**COLLECTED MATERIAL**
——
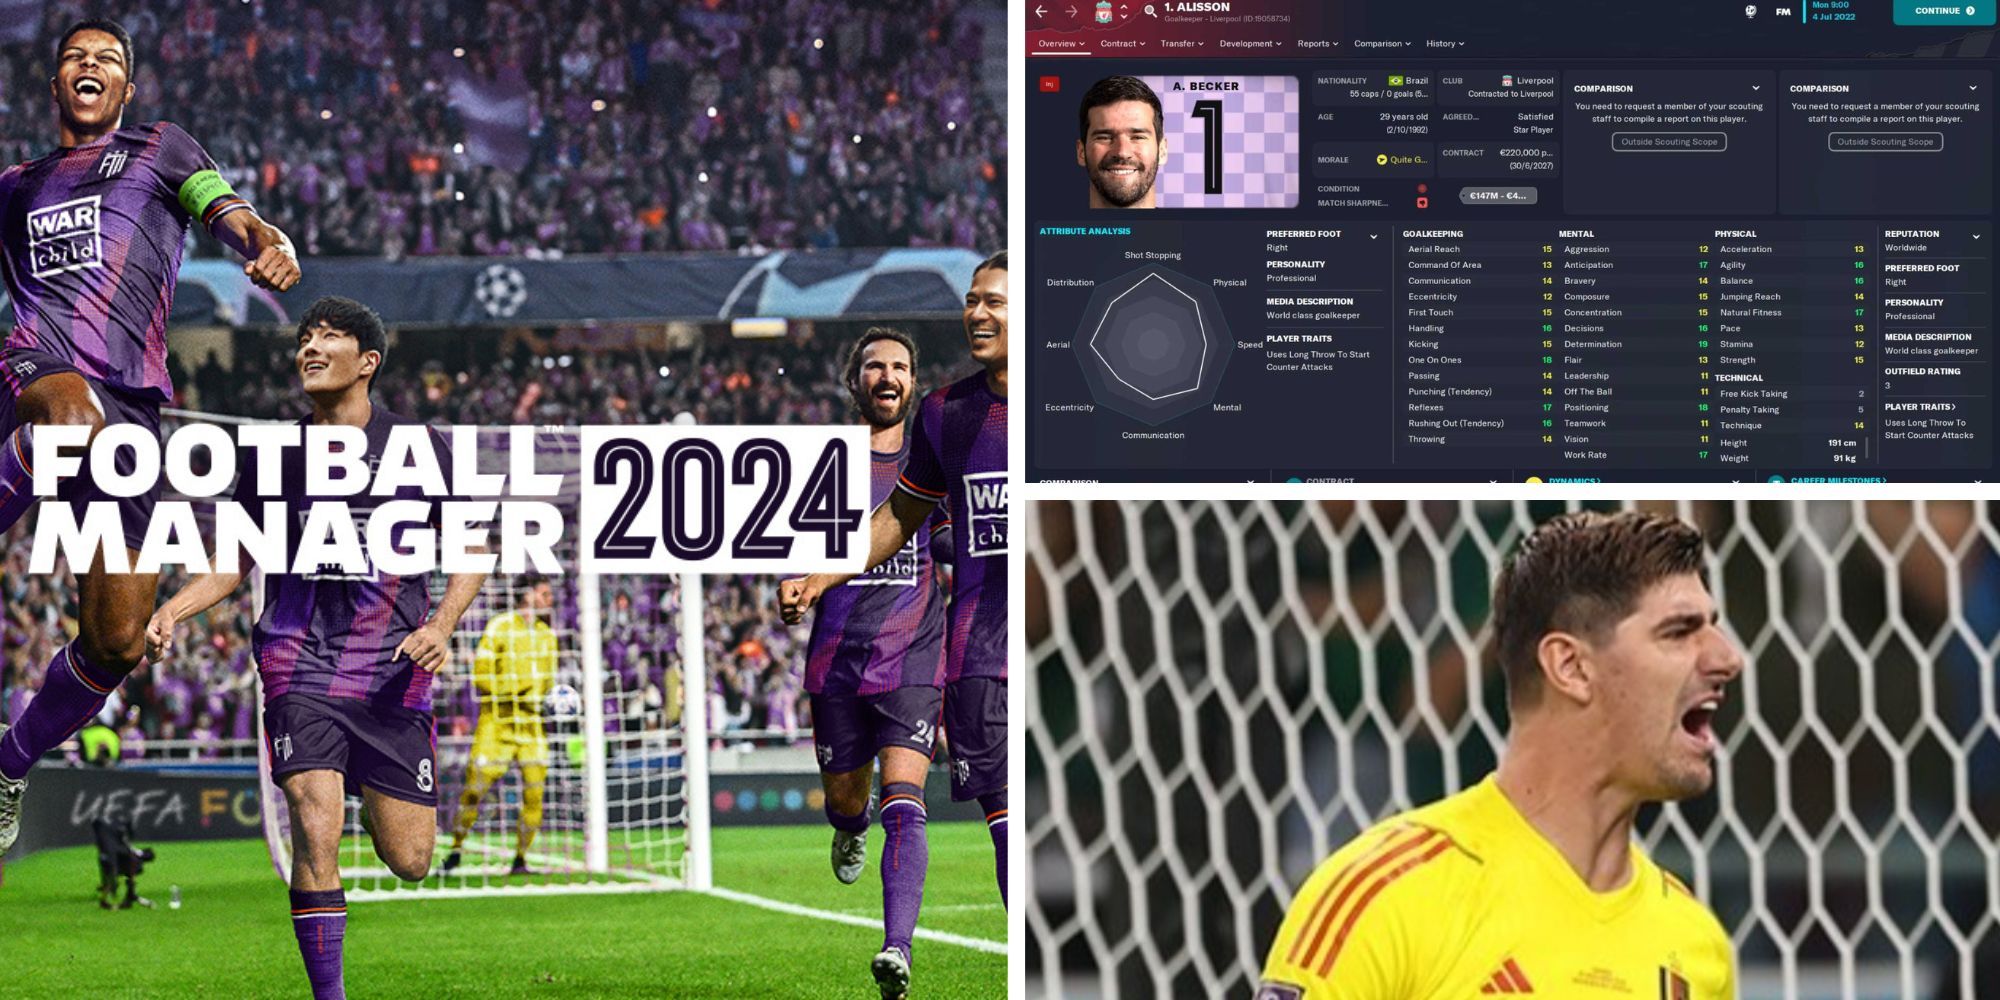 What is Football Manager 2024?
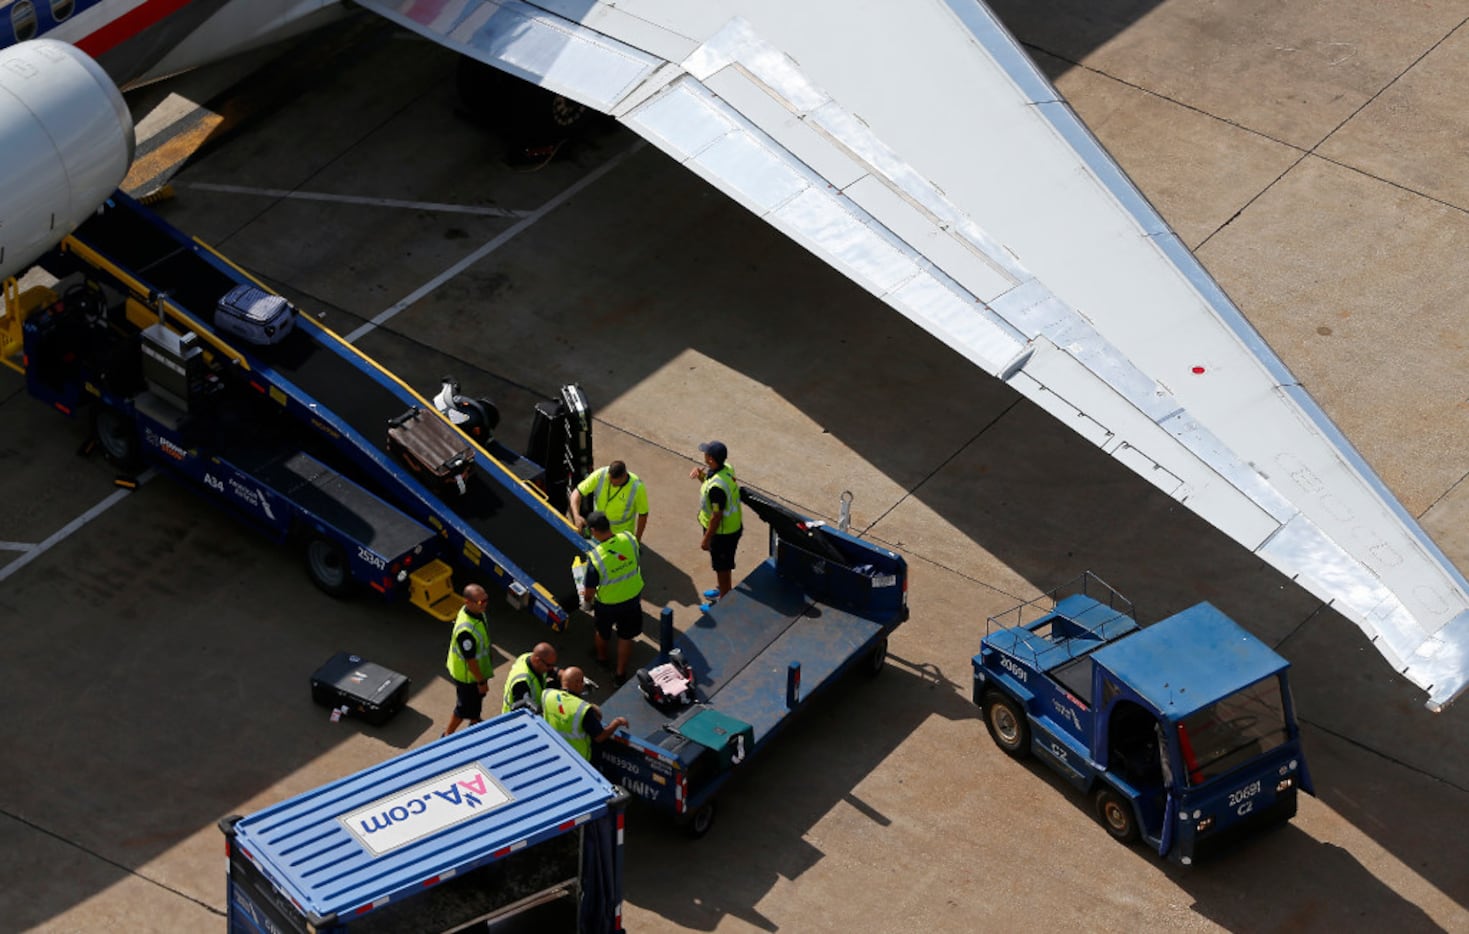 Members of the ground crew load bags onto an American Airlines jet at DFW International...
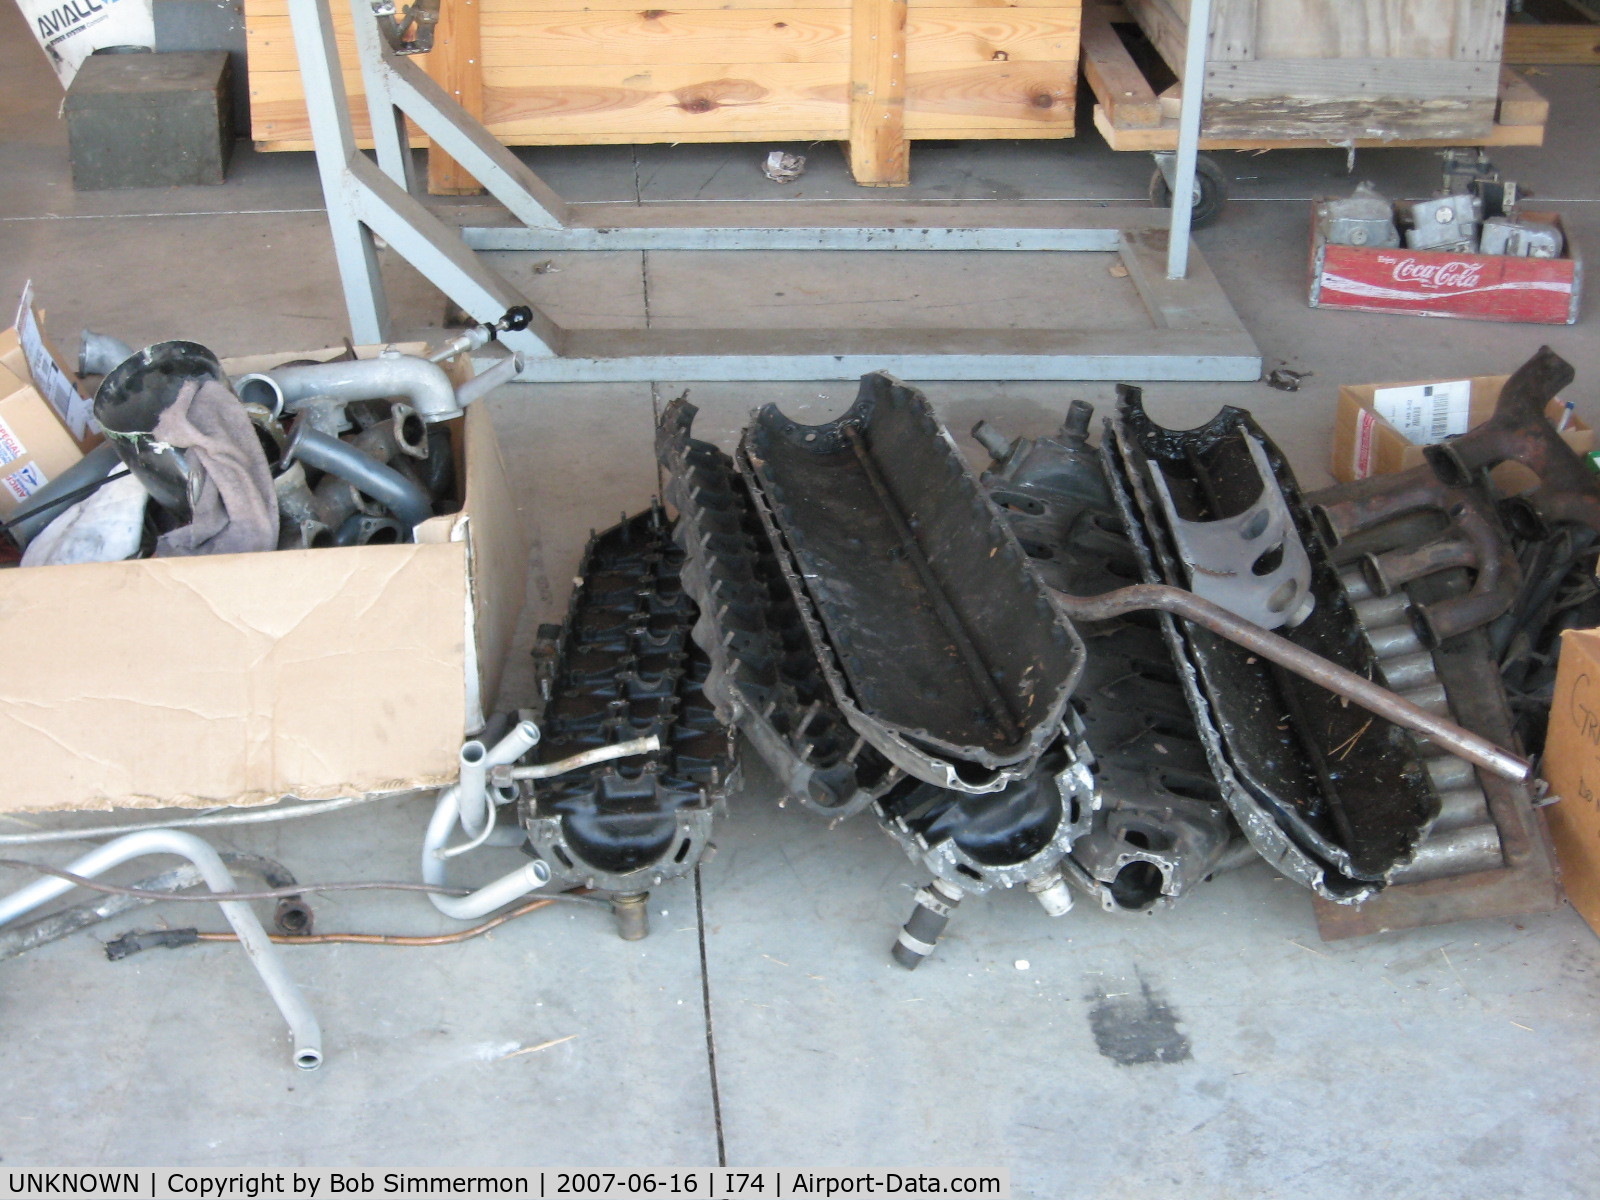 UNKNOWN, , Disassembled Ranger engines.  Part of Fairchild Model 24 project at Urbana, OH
——
**PROBLEM DESCRIPTION**
Return the material from above in full, exactly as written, with the pictures omitted.

**ANSWER SPACE**
 What is Football Manager 2024?
 Members of the ground crew load bags onto an American Airlines jet at DFW International...
 UNKNOWN, , Disassembled Ranger engines.  Part of Fairchild Model 24 project at Urbana, OH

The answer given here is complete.